> **The problem**:
Would you print the lines below exactly, beginning at the line that has "Cushion with Cat - Pandora's Box" and stopping after the line that has "Sugi-no-Osugi The Tallest"? Only those lines, and no pictures.

> **Supplied records**:
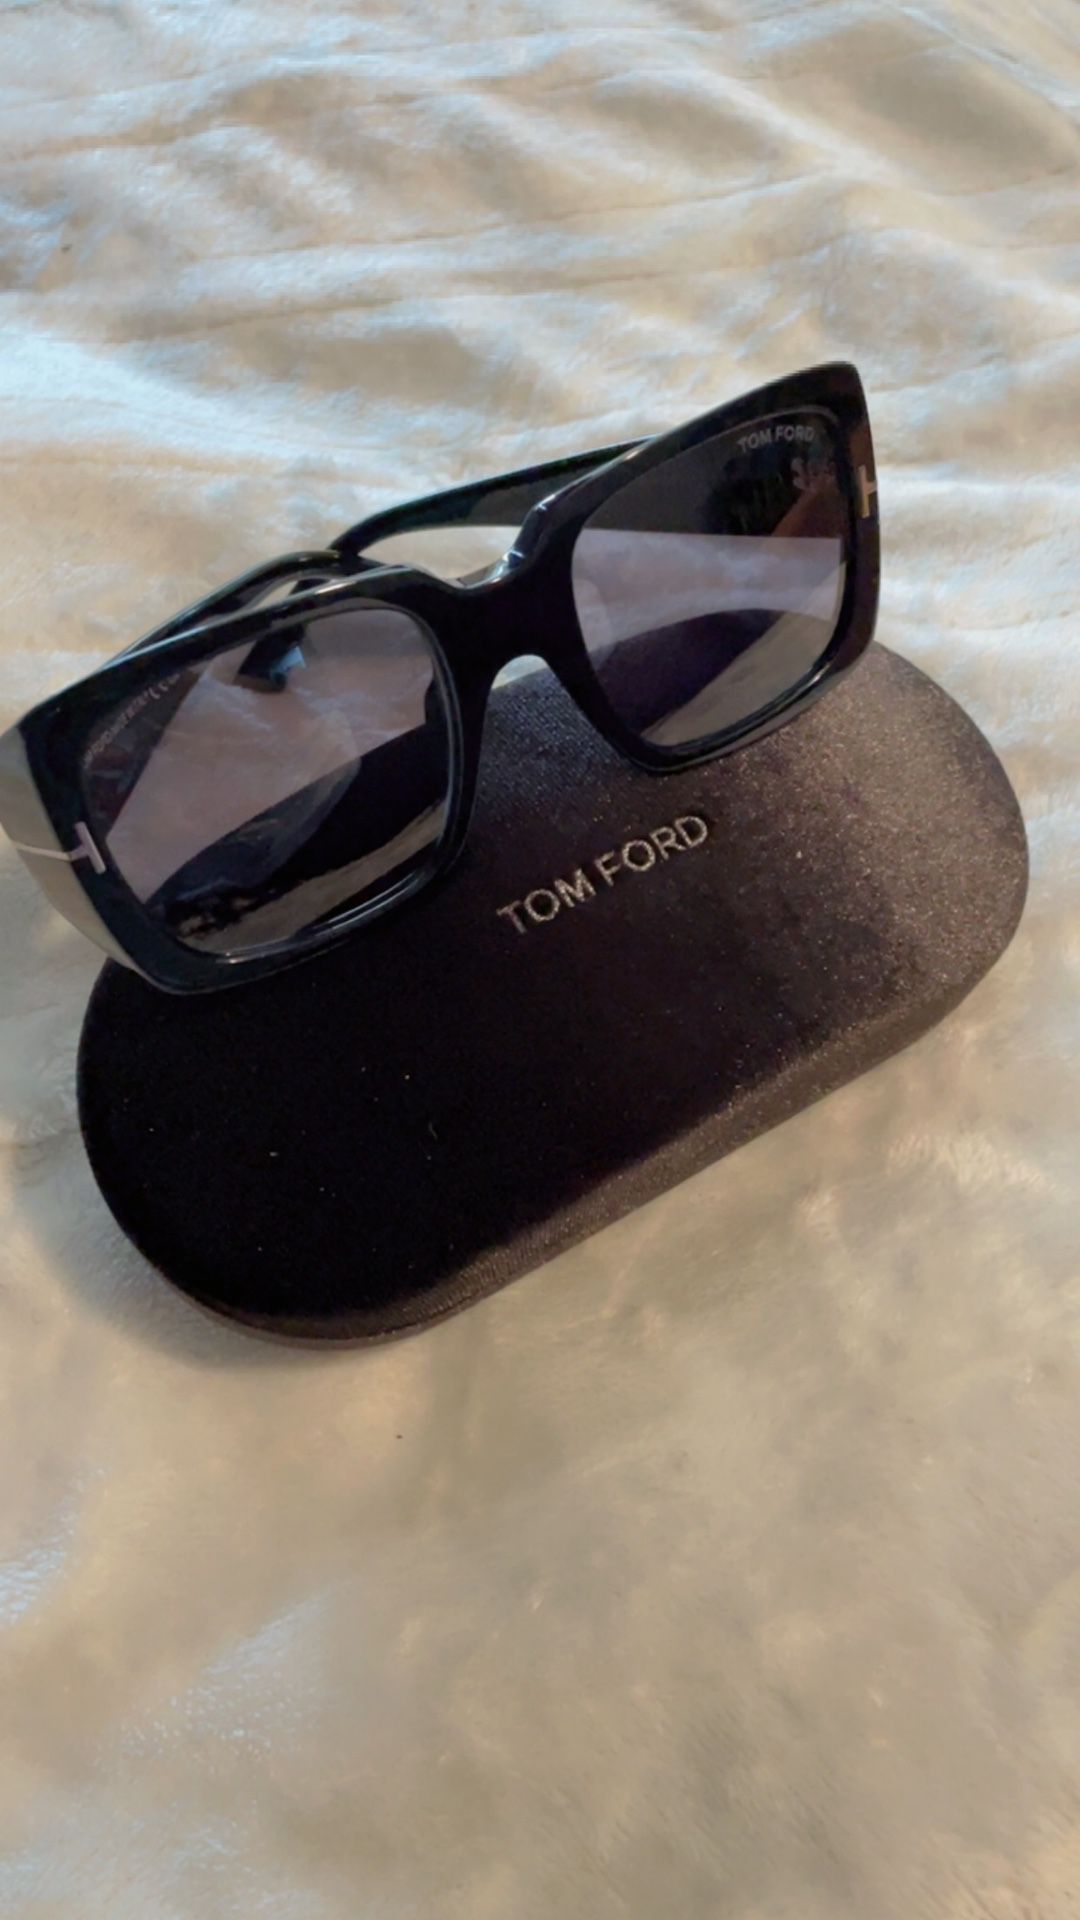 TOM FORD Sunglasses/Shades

---

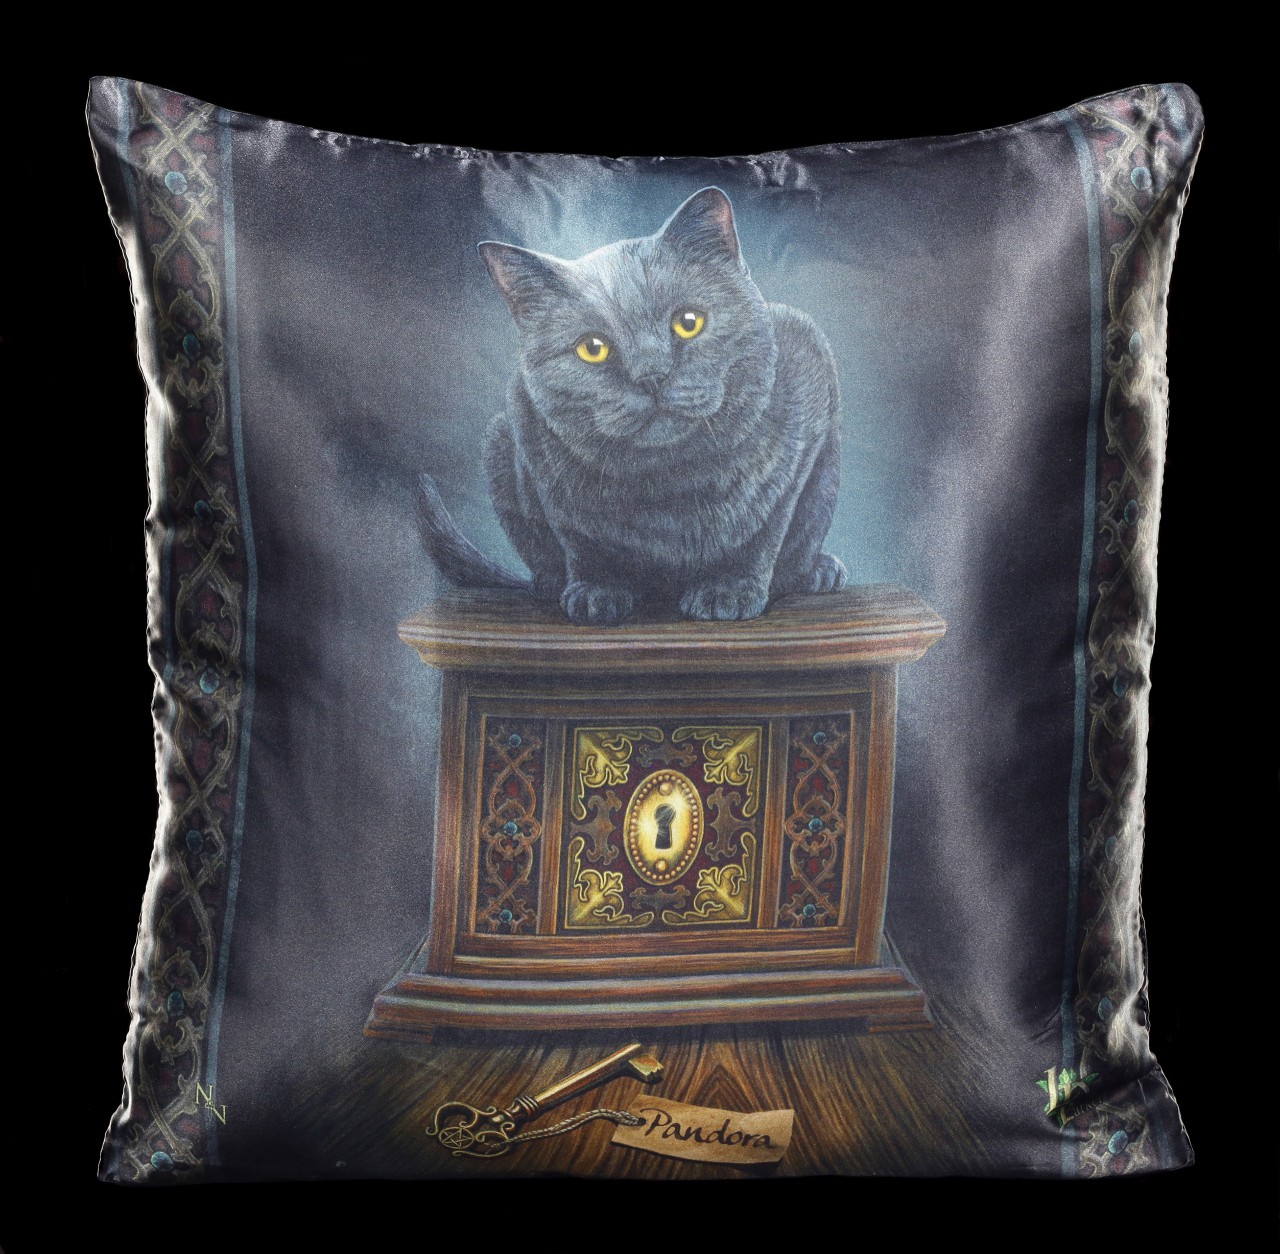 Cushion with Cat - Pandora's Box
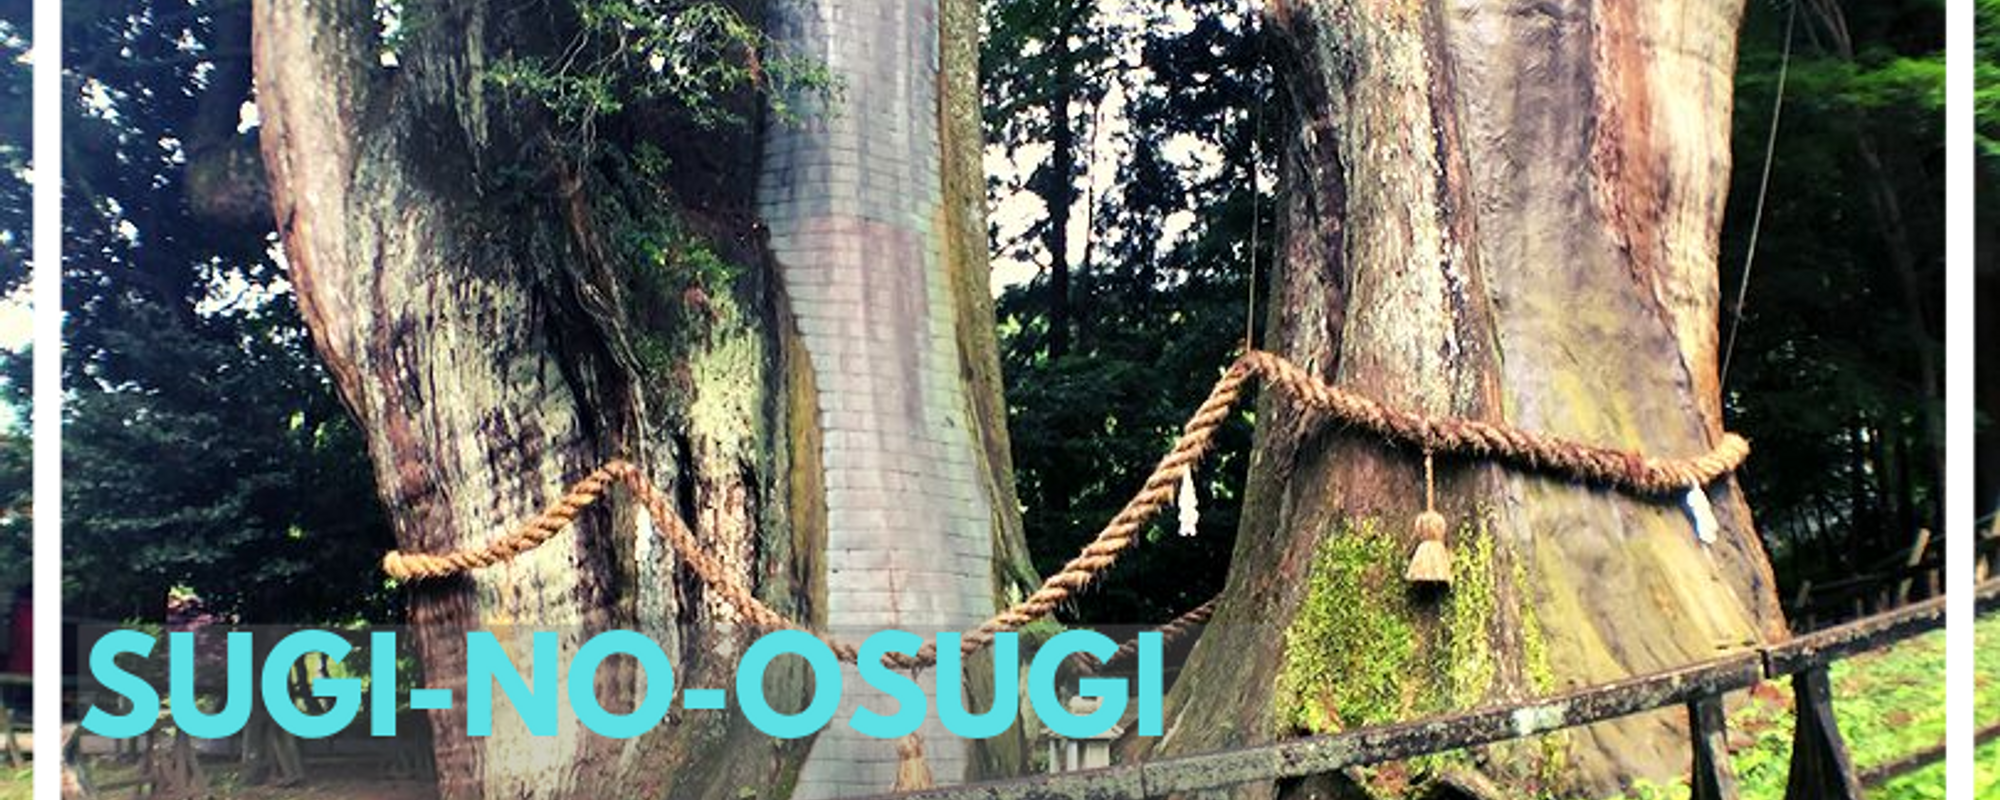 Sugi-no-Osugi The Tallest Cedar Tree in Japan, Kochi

> **Result of the exercise**:
 Cushion with Cat - Pandora's Box
 Sugi-no-Osugi The Tallest Cedar Tree in Japan, Kochi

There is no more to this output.